How to Drink While Running

Drinking, as everyone should know, is very important while running longer distances, especially in warm weather. Quite when one starts to take water on a run and how one carries it is down to personal preference. Here are some suggestions on how to carry drinks while running.


Running Bottles

One of the simplest ways is to carry a water bottle, there are bottles specifically designed for this, for example the Ronhill Wrist Bottle 270ml or the larger Runaid Runners Feed bottle 580ml. There’s also the Nathan FlexShot Handheld 500ml which has a more textured feel and is therefore easier to grip.

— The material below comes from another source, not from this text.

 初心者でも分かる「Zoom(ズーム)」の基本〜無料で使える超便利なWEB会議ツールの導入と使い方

Soft bottles have now been on the market for a wee while now and are quickly gaining in popularity, they are such a brilliant addition to the running scene  for a number of reasons. The bottle gradually gets smaller as you drink the water and also the water doesn't slosh around as it is in a vacuum. Try the Ultimate Direction or Ronhill.

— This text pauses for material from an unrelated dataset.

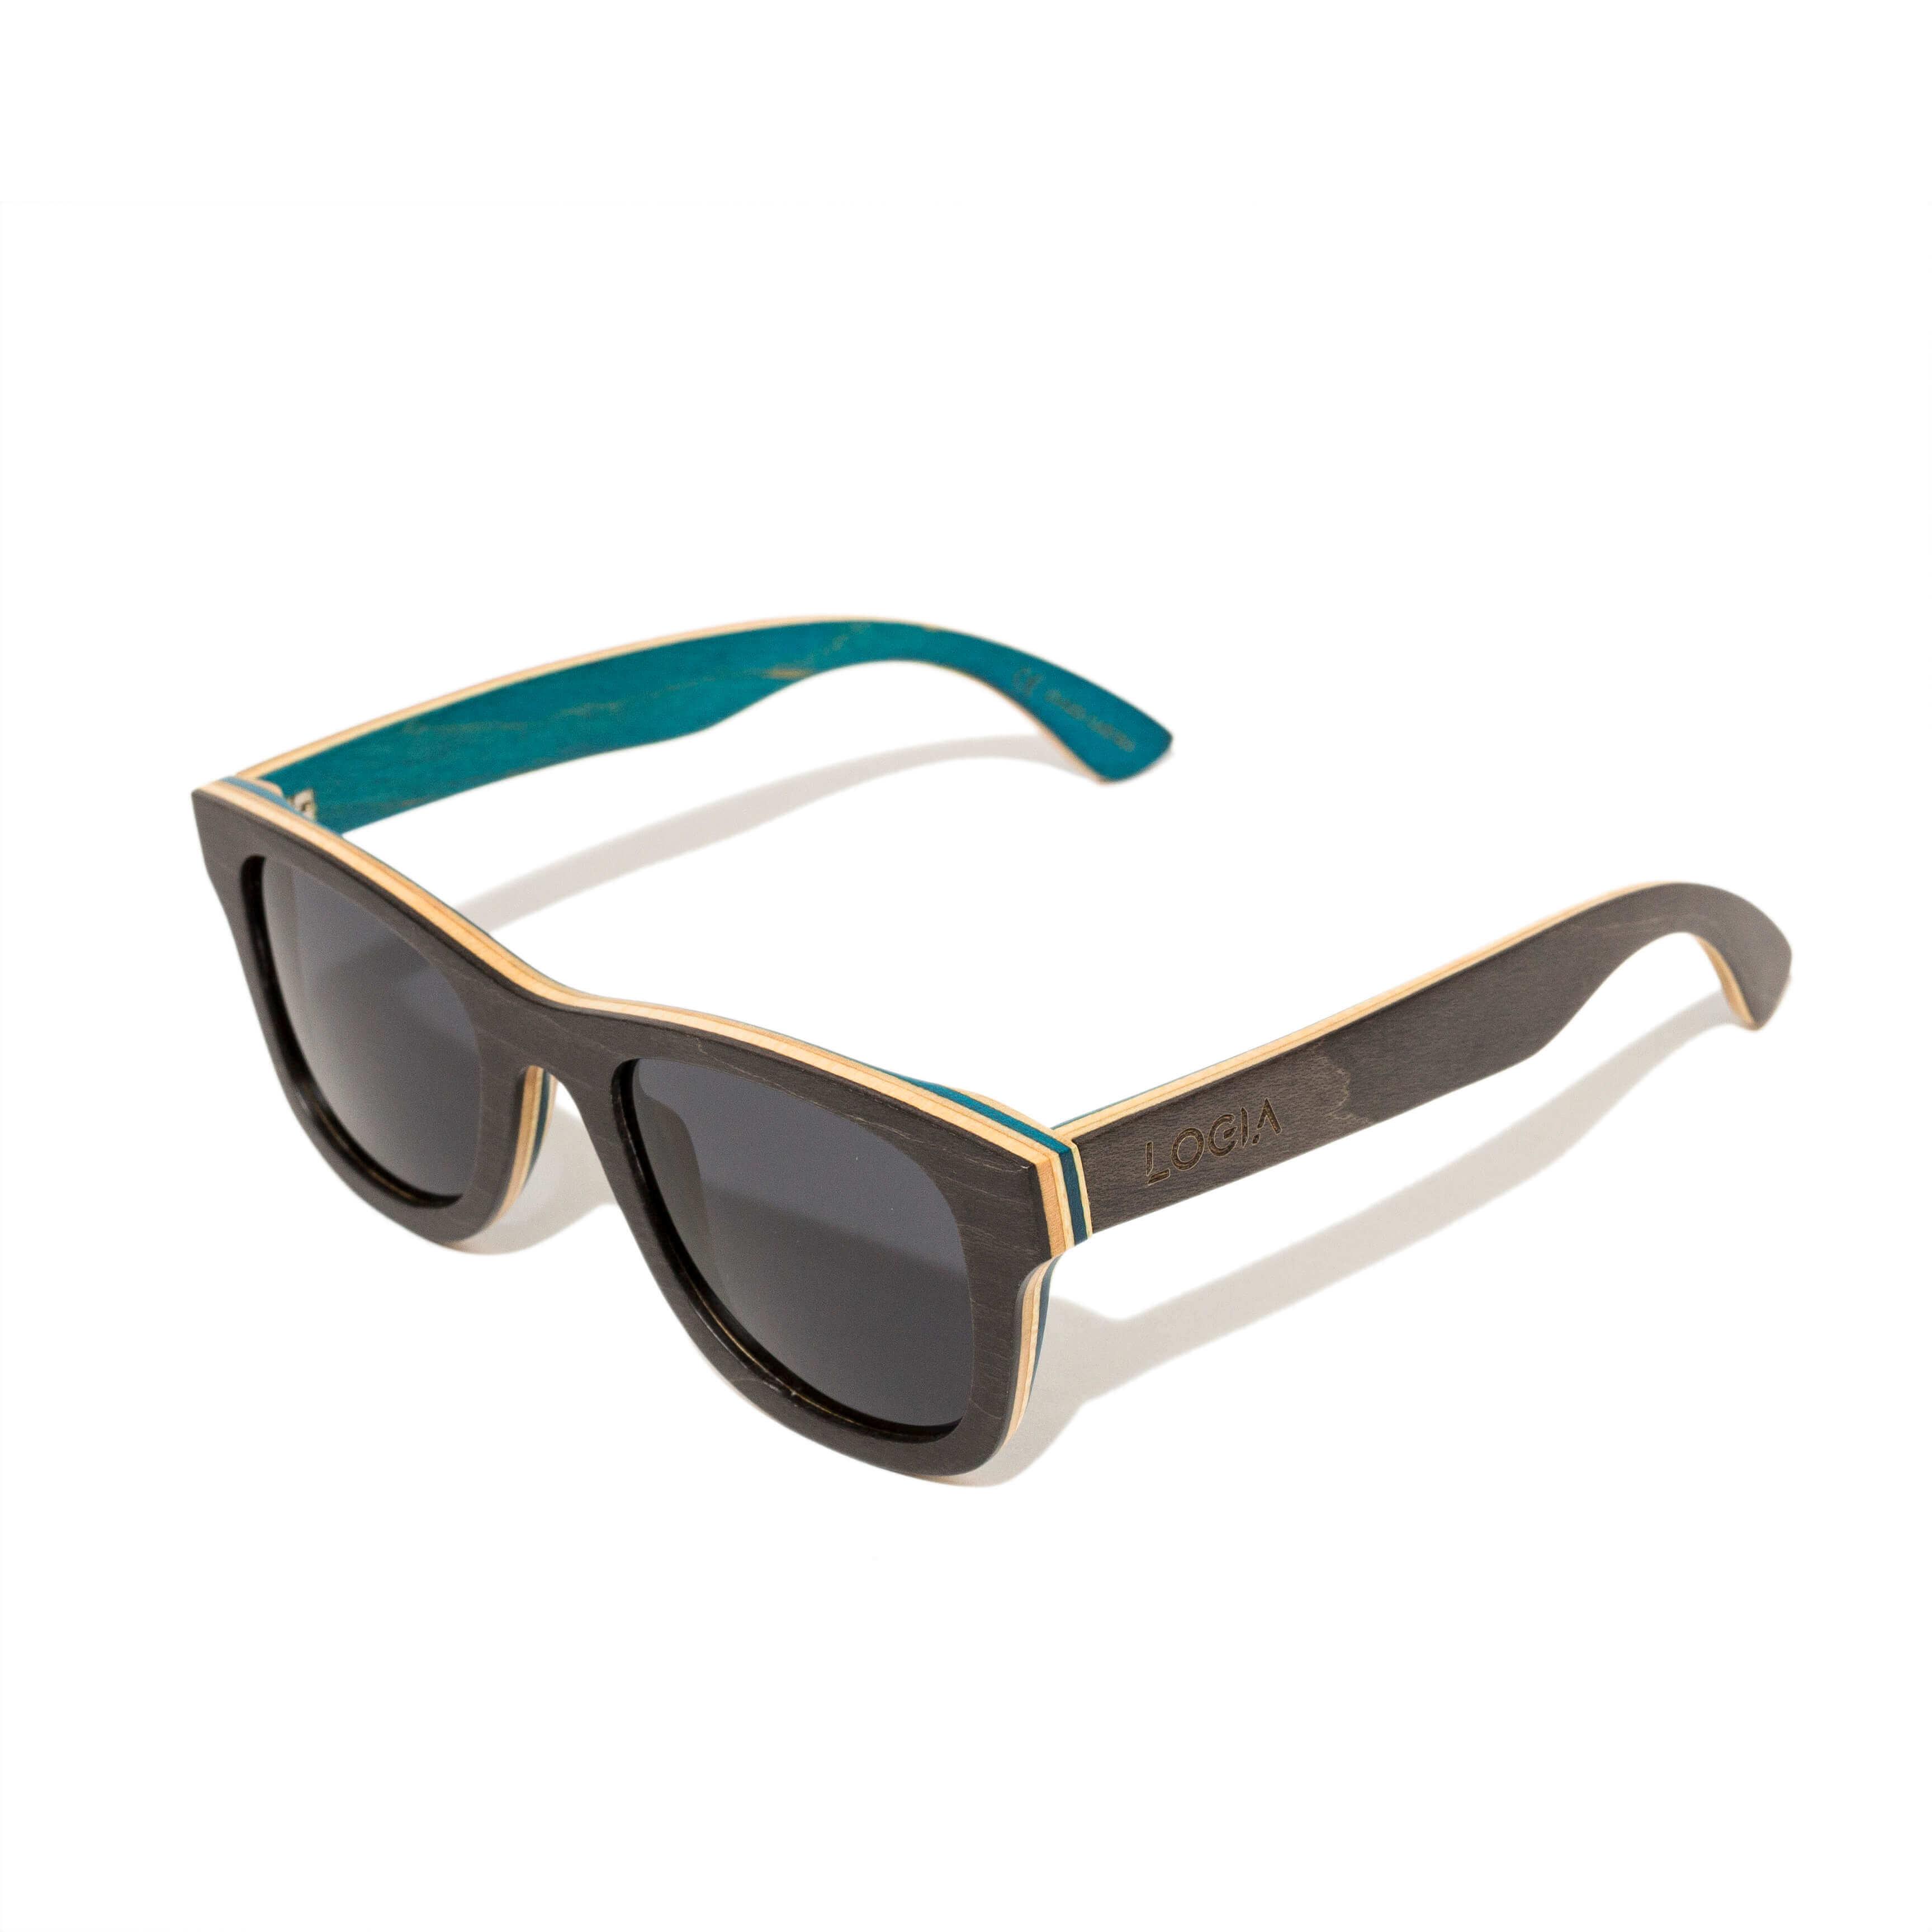 Óculos de sol Logia Lifestyle Nexus

The other option if you have a waistpack or rucksack which works well is just to get one or two of the soft bottles. Once you've drunk the water they hardly take up any space at all. Some of the Ronhill trail clothing comes with a pocket that the Ronhill Trail Fuel soft bottle fits into.


Bottle Belts

If you don't like having something in your hand while you are running, there are bottle belts which fit around your waist or backpacks which carry water in a bladder. There are many different types of bottle belts - the most basic one has a 500ml bottle and a small gel pocket, such as the U.P. Ribble Bottle Belt, or the Ultimate Direction Groove Analogue Belt.

If you are hill running or need more 'stash space' for waterproofs etc., another option would be the Salomon Agile 250 Belt Set. This belt comes with a 250ml bottle, so it would just depend how far you are going and whether you would need more water than that.

There are also some waistpacks which have an elasticated belt, for example the Nathan Trail Mix Plus Belt. This bottle belt also comes with 2 bottles. I always find this quite useful  – the bottles balance nicely and you could fill one with something other than water.


Hydration Backpacks

If you don't like having something around your waist or in your hand, or if you need more than 1.5L of water, then a backpack with a bladder could be the solution. If you already have a good running backpack, often it will have a special compartment for a bladder – this will protect your bladder from any sharp objects you might be carrying. All the backpacks that we stock have bladder compartments but you need to purchase the bladder separately.


Race Vests

One way of drinking on the run, which has dramatically increased in popularity over the past few years, is to use a so-called running vest. There are a number of options around, but they are all incredibly lightweight and comfy. Basically even when full with 2x500ml bottles and a light jacket and trousers, one hardly knows it is on.

One of the main differences in this water carrier is that the water bottles are on the front. This means easy access, and could also help one to have that slight forward lean which is sometimes recommended. Many of the vests that we have come with small stash pockets on the front for gels, phone etc. and a larger compartment in the back, which could fit a 2L bladder and/or a lightweight jacket and trousers.

The Ultimate Direction SJ Ultra Vest vest, now in it's 3rd generation, is a fantastic piece of kit, it is even lighter than before and comes with 2x500ml soft bottles and in 3 different sizes to help get that perfect fit. The women's version, which comes in 2 sizes, has also had a revamp and now also comes with 500ml soft bottles. Another great choice of race vest is the Montane Via Fang 5, or the women's version, the Via Snap 4.

 


Of course if you don't like any of these options you can always put your gels in your pocket, take some money and buy a bottle of water during your run – the most important thing is to make sure you drink!